> [INSTRUCTIONS FOR THE TASK] Print the listing below word for word, but drop any pictures it contains.

> [RECORDED DATA]
□ □ □ □

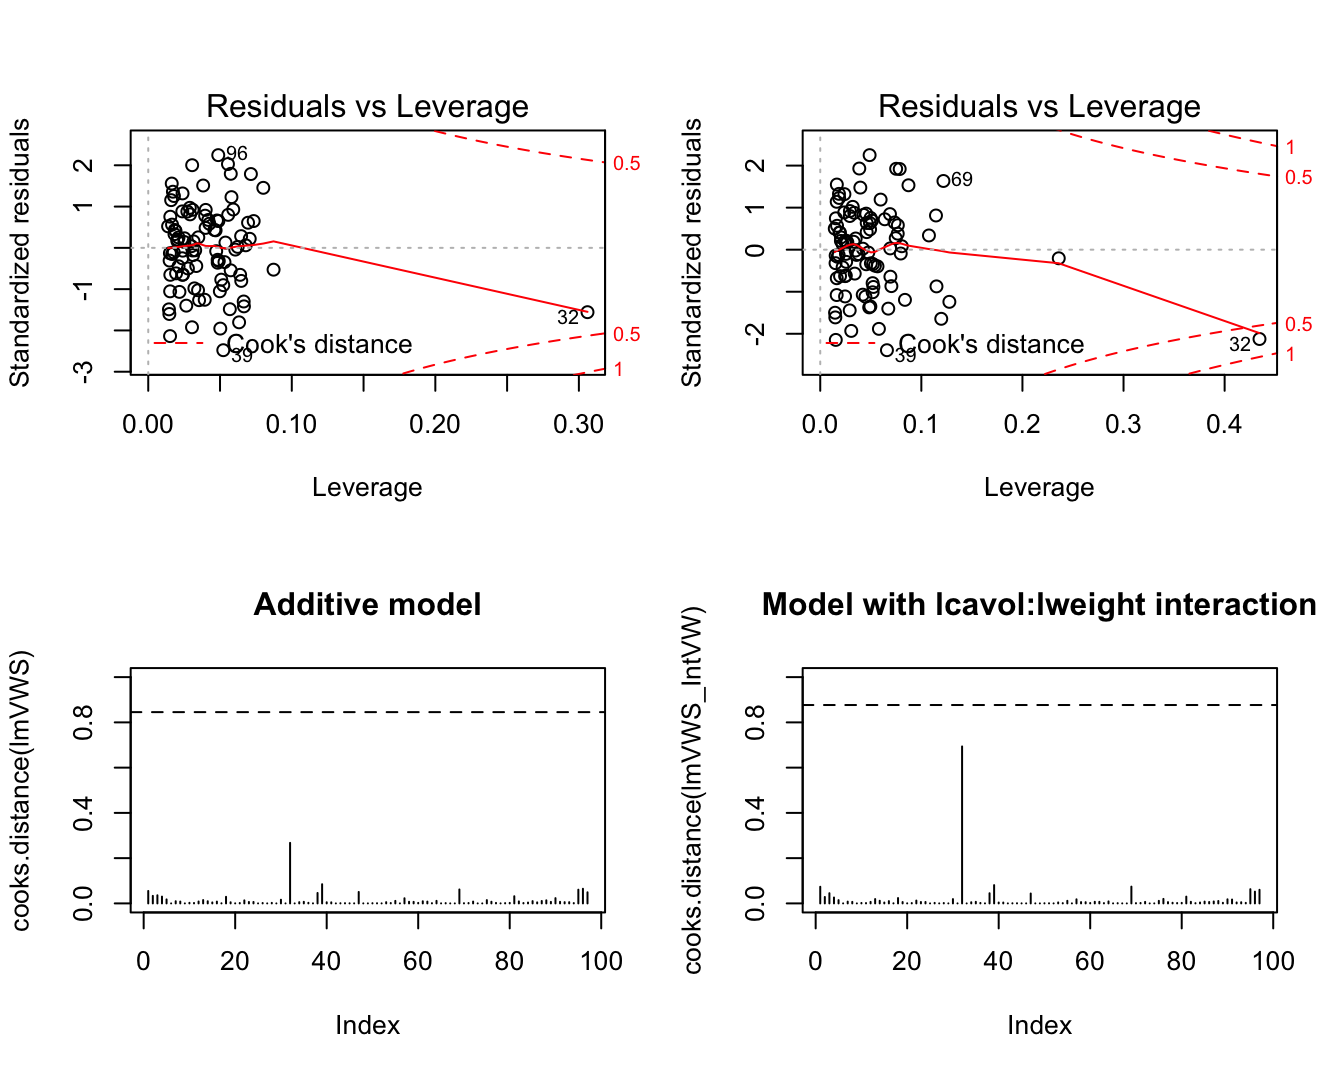 Evaluatie van de invloed van individuele observaties op het additieve model (links) en het model met de lcavol:lweight interactie (rechts).
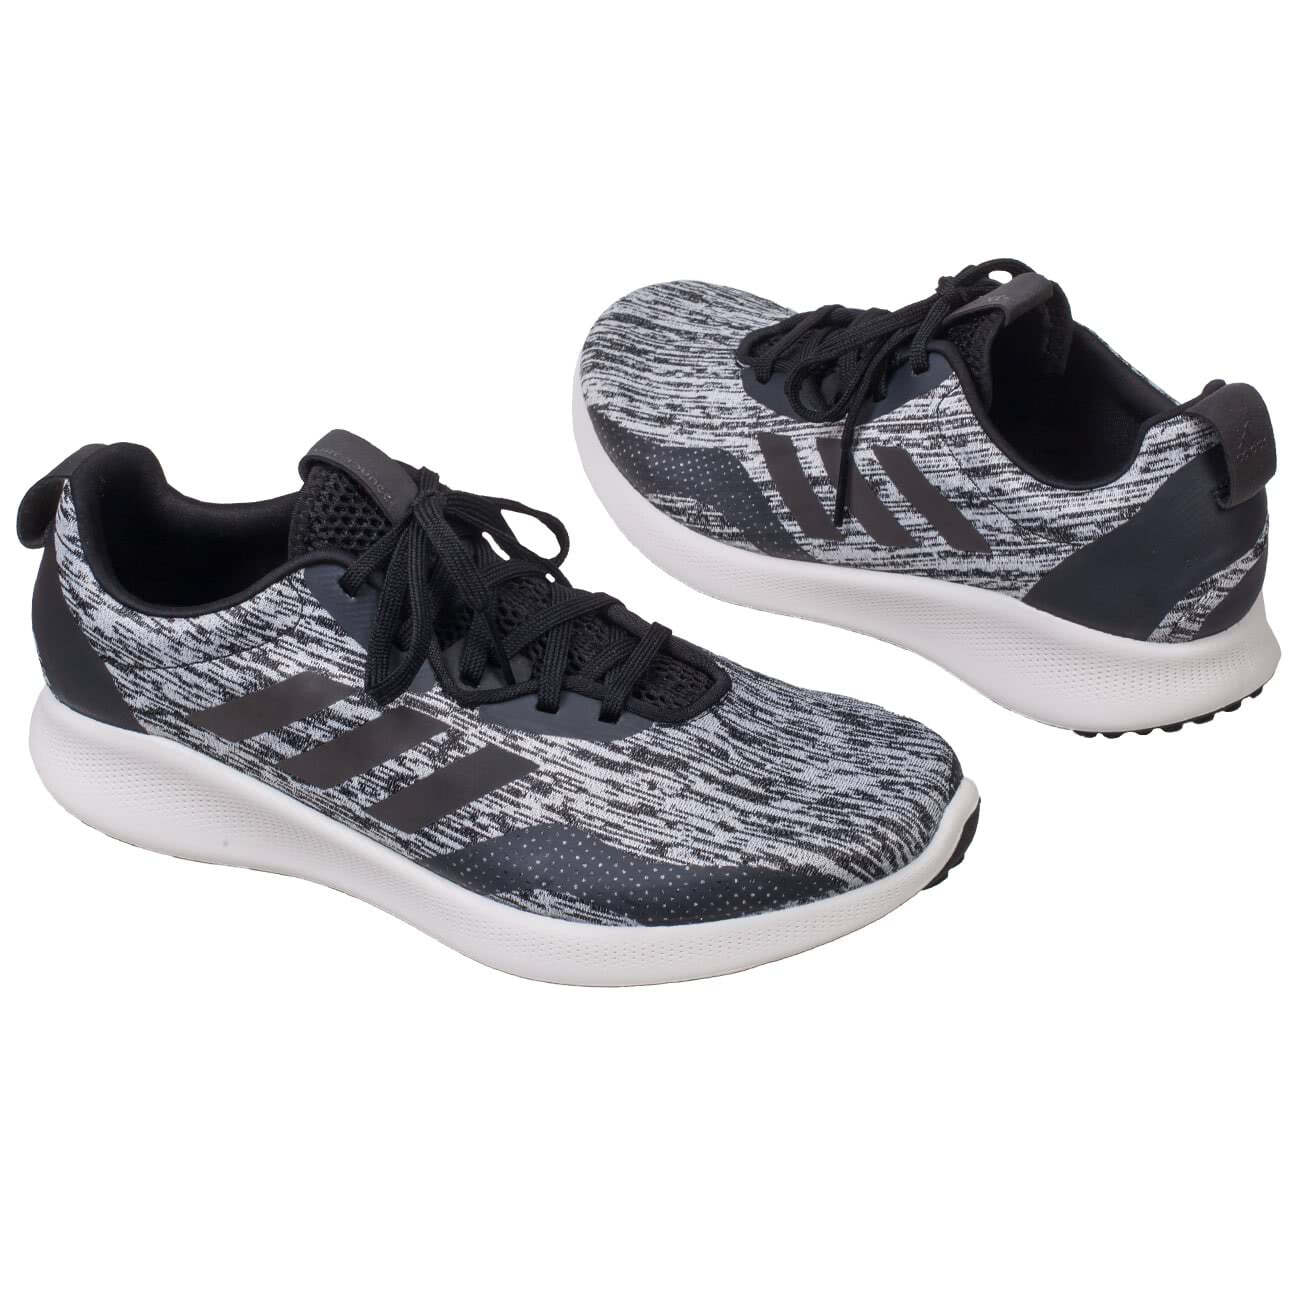 Мужские беговые кроссовки Adidas Purebounce+ серого цвета купить в интернет  магазине Kwinto
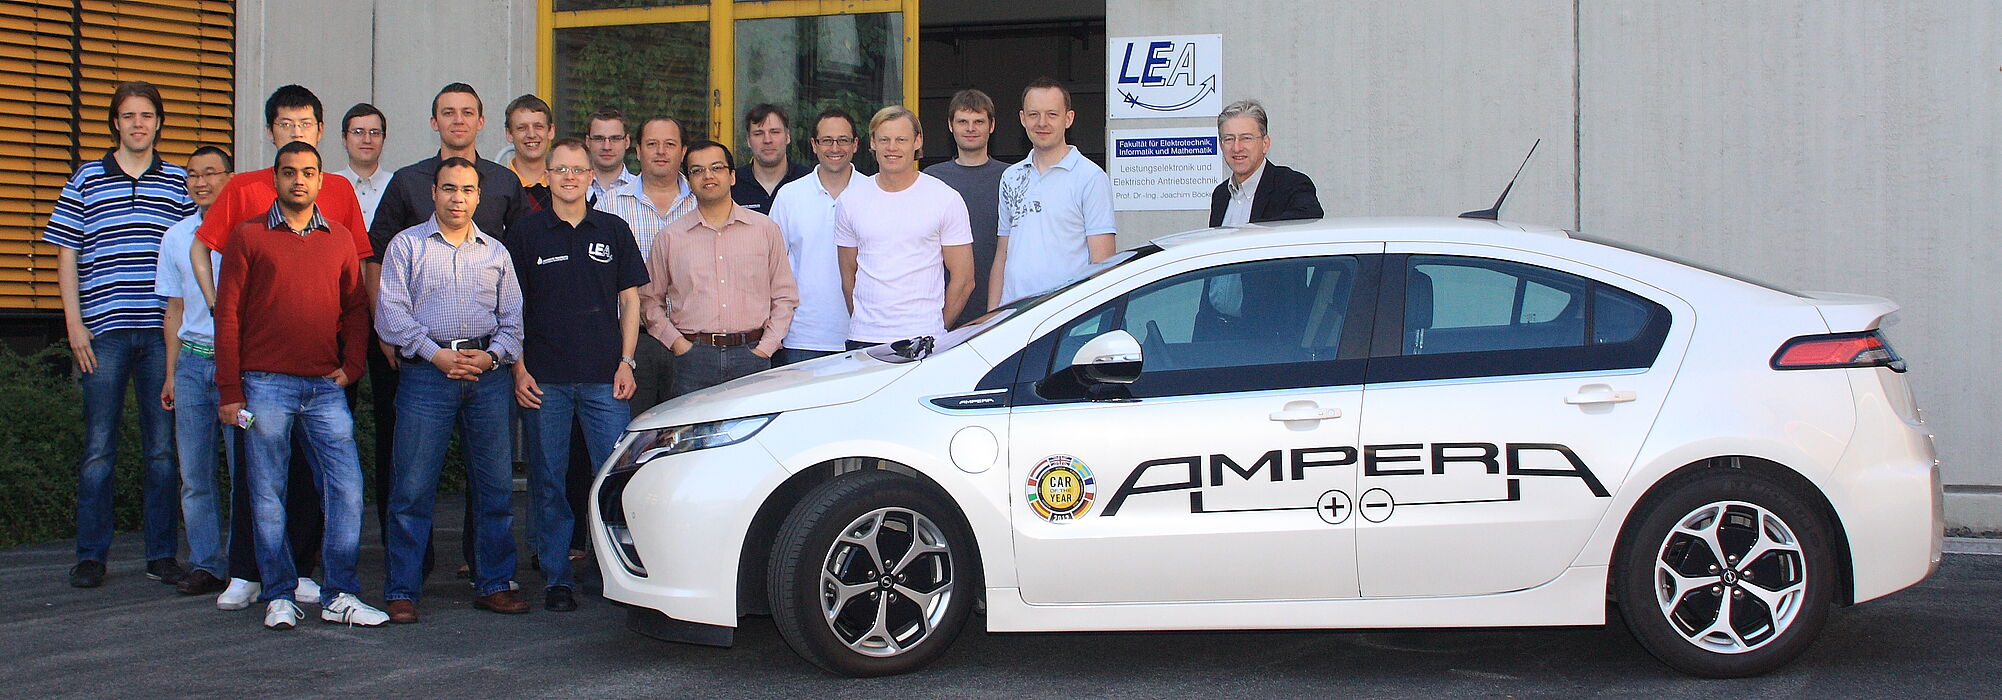 Foto (Universität Paderborn): Das Team des Fachgebiets Leistungselektronik und Elektrische Antriebstechnik (LEA) um Prof. Dr.-Ing. Joachim Böcker (r.) arbeitet an der Zukunft der Mobilität und testet derzeit den Opel Ampera.

□ □ □ □

> [SOLUTION FOR THIS PROBLEM]
 Evaluatie van de invloed van individuele observaties op het additieve model (links) en het model met de lcavol:lweight interactie (rechts).
 Мужские беговые кроссовки Adidas Purebounce+ серого цвета купить в интернет  магазине Kwinto
 Foto (Universität Paderborn): Das Team des Fachgebiets Leistungselektronik und Elektrische Antriebstechnik (LEA) um Prof. Dr.-Ing. Joachim Böcker (r.) arbeitet an der Zukunft der Mobilität und testet derzeit den Opel Ampera.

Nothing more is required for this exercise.